Oh, another tip, don't rely on monitors, rely on knowing that you can play and sound good without hearing yourself well. As long as everyone locks in with the drums and know what they're doing it should be fine, as monitors are more often that not a bit shitty.

Plus, you may as well get on with it and play rather than wasting time trying to sort out monitor wedges. The only guy that really needs them is the singer and drummer, and possibly andyone that is sending guitar and or bass straight to the PA


----------



## petereanima (Oct 3, 2008)

auxioluck said:


> I usually cut treble back as well, as it can get pretty unbearable for the audience at higher volumes.

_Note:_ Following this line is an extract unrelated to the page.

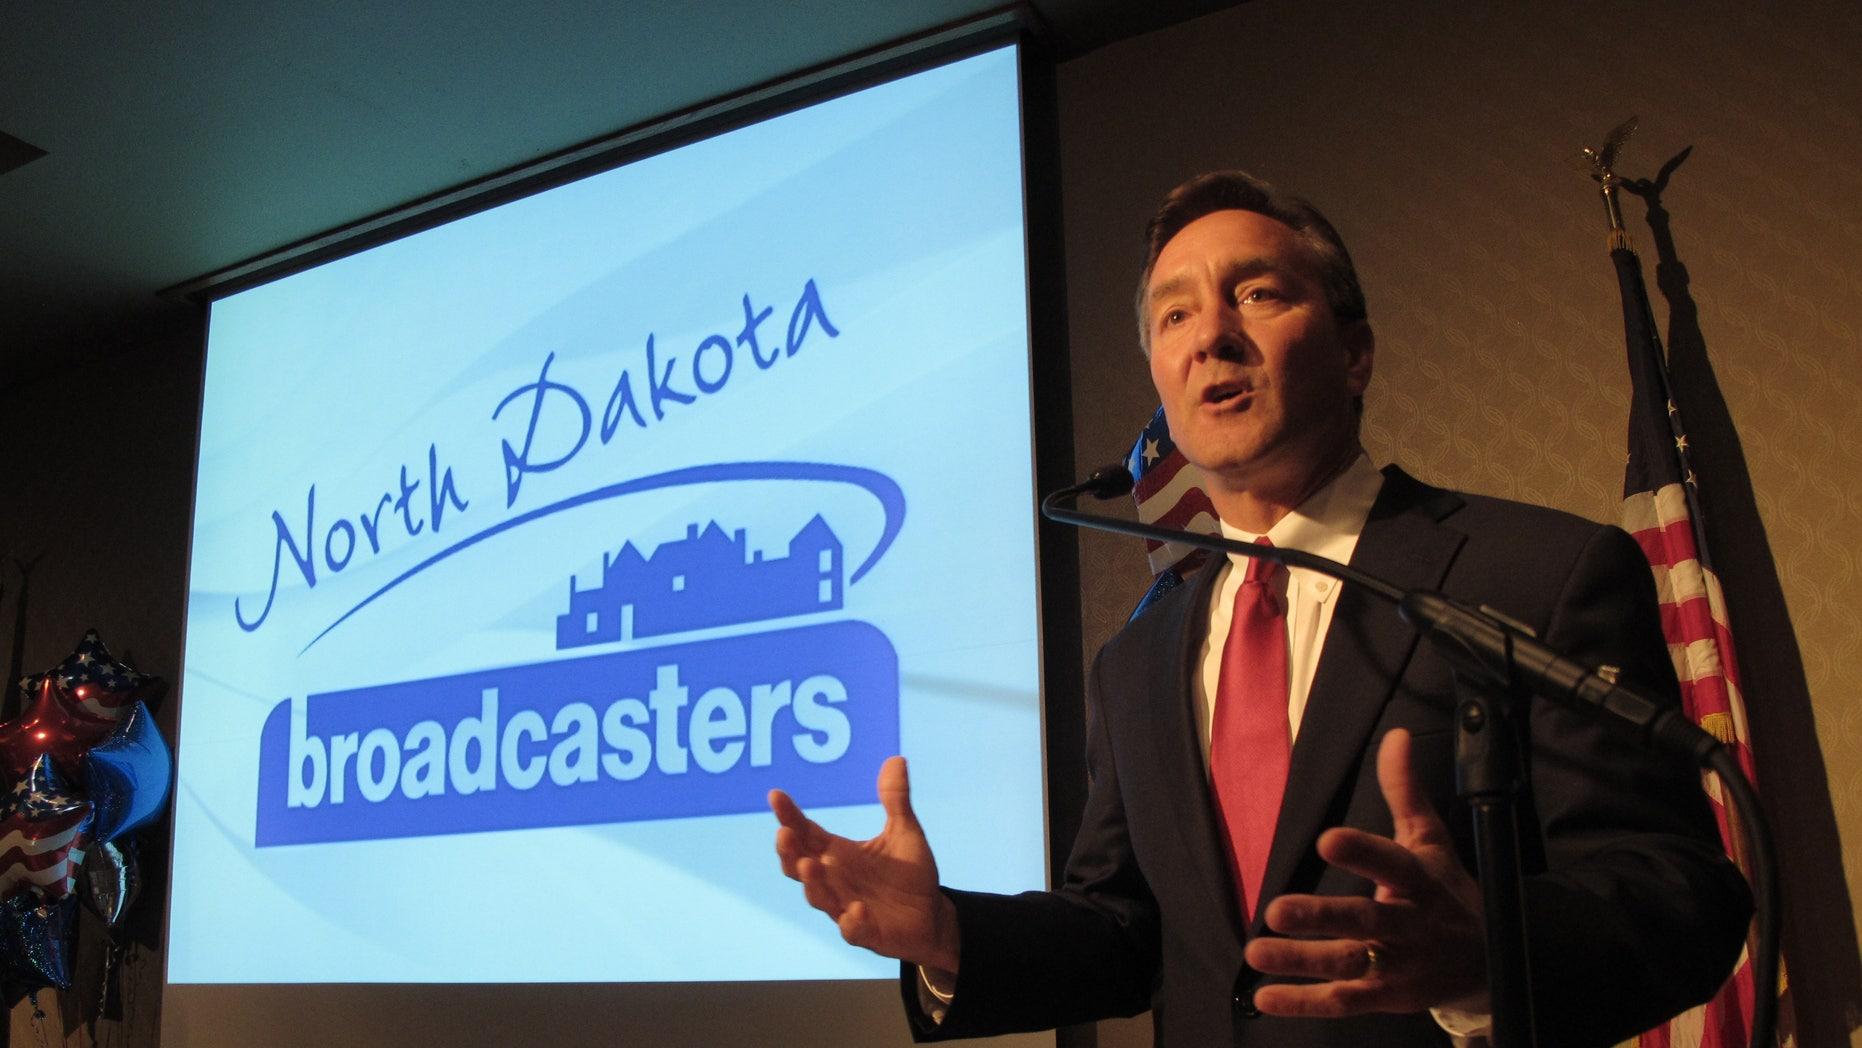 FILE: Sept. 5, 2012: Republican U.S. Senate candidate Rick Berg speaks during a debate at the Radisson Hotel in Bismarck, N.D.

VERY good point. most of the times the amp is miced with a SM57 (or equivalent), which adds a lot of treble, so dialing in the amp darker = more balanced sound for the audience.


----------



## Kronpox (Oct 3, 2008)

b3n said:


> Yeah feedback is a problem we've been having a fair bit of... Despite having mic'd amps, I tell the sound guy I can't hear myself through the monitors and his response it "just turn up your amp"
> 
> Funnily enough, we got the desk recording from that gig and my guitar was WAY too loud.

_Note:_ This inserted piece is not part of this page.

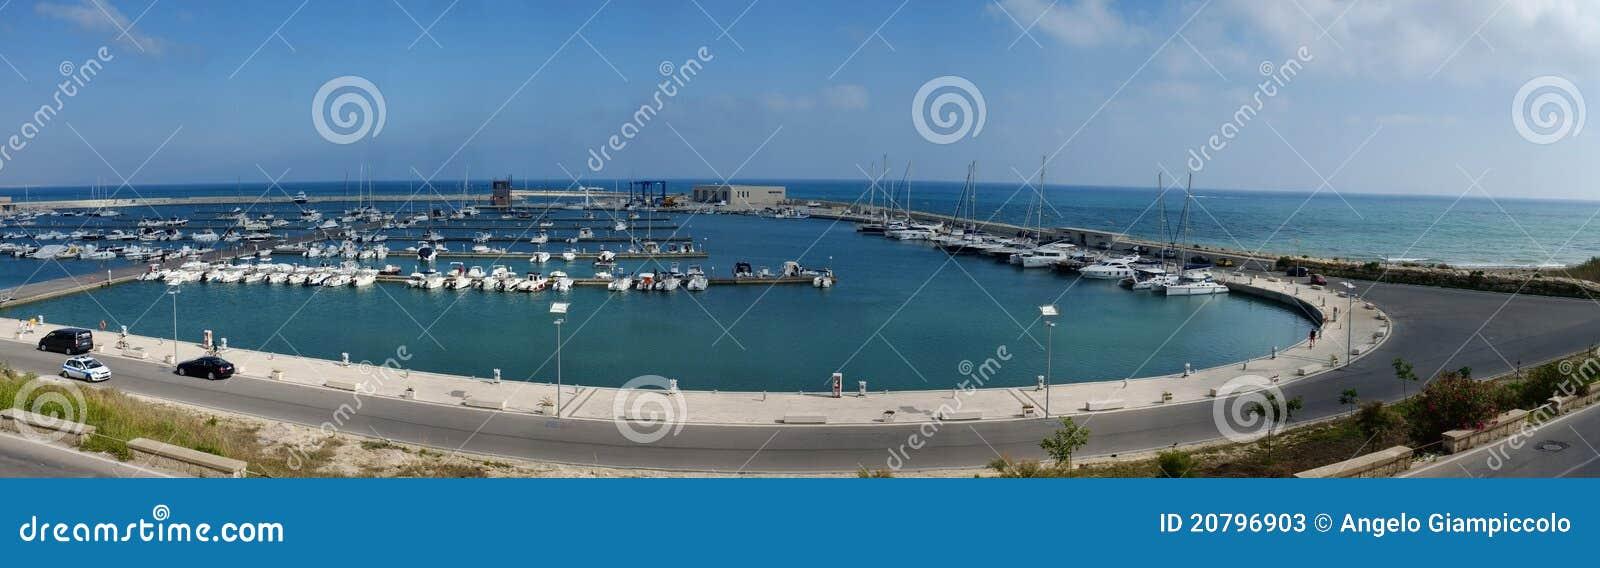 L Italie, Siciliy, la mer Méditerranée, marina

Without being there I'd hazard to guess that he was telling you to turn up your amp because at the board he had you pinned as hard as you could go without clipping, but your tone just wasn't cutting through. This would be why your guitar was loud as hell off of the desk recording. 

I find the only real difference between a good live tone and a good recording tone is that live you have to consider that you're pushing your amp loud as hell, so the Fletcher-Munson curve takes more of an effect which generally translates into really harsh treble and woofy bass. This is then made even worse by a quick-and-dirty mic placement job. I like Elysian's idea of having someone stand in the house and tell you about your tone. You could also switch off with this guy and have him play your rig and you can hear for yourself how your tone is getting through.


----------



## AVH (Oct 3, 2008)

Mike placement and angle is also crucial, just moving it an inch or two around changes the overall tone hugely. 

Buying your soundman a beer or two helps your sound immensely too


----------